Edgar knikt met een glimlach. ‘Gut. Wenn Sie Fragen haben, ich wohne ein bisschen da vorbei.’ Hij wijst verder het dorp in. ‘Gehen Sie das Wasser hier hinten entlang bis Sie ein Haus sehen mit gelben Fensterläden. Da wohne ich. Ja?’
‘Prima’, knikt vader.
‘Warten Sie!’ zegt Edgar ineens en hij loopt terug naar de keuken. Daar pakt hij een vijftal pasjes uit een kastje. ‘Das sind die Bürgerpassen. Ihre Nahmen stehen darauf.’
‘Ah mooi’, reageert vader. ‘Met deze passen kunnen we een aantal kabelbanen gebruiken en ook de bus hier in de omgeving’, legt hij aan de anderen uit.

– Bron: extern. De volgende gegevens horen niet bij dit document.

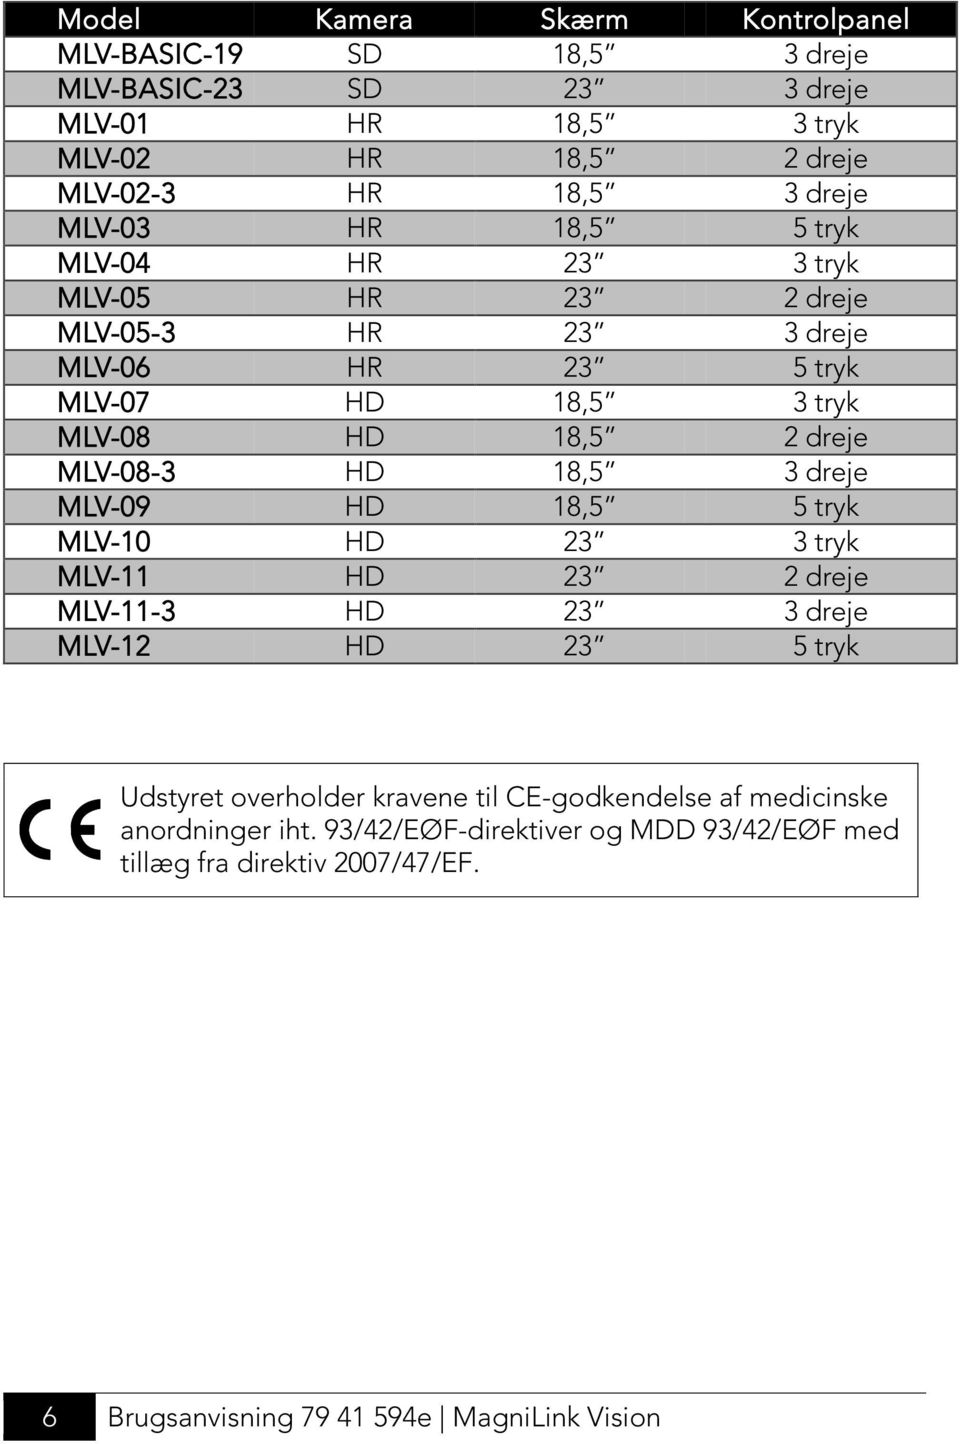 MLV-08-3 HD 18,5 3 dreje MLV-09 HD 18,5 5 tryk MLV-10 HD 23 3 tryk MLV-11 HD 23 2 dreje MLV-11-3 HD 23 3 dreje MLV-12 HD 23 5 tryk Udstyret overholder kravene

‘Danke!’ zegt hij tegen Edgar.
Edgar neemt weer afscheid en loopt het appartement uit.
Even later zien ze hem over de weg die langs het water achter hun appartement loopt naar zijn eigen woning terug wandelen.
‘Nou, ik weet niet wat jullie ervan vinden, maar ik houd het hier wel veertien dagen uit’, roept vader opgetogen.
‘Ik ook’, roept Vera.
‘Keurige woning’, vindt moeder. ‘Het valt me alles mee.’
‘Wij hebben al een slaapkamer uitgekozen’, zegt Edwin.
‘Daar gaan we het zo meteen over hebben’, verbetert vader hem. ‘Zullen we eerst maar eens gaan uitladen? De honden zitten ook nog in de auto.’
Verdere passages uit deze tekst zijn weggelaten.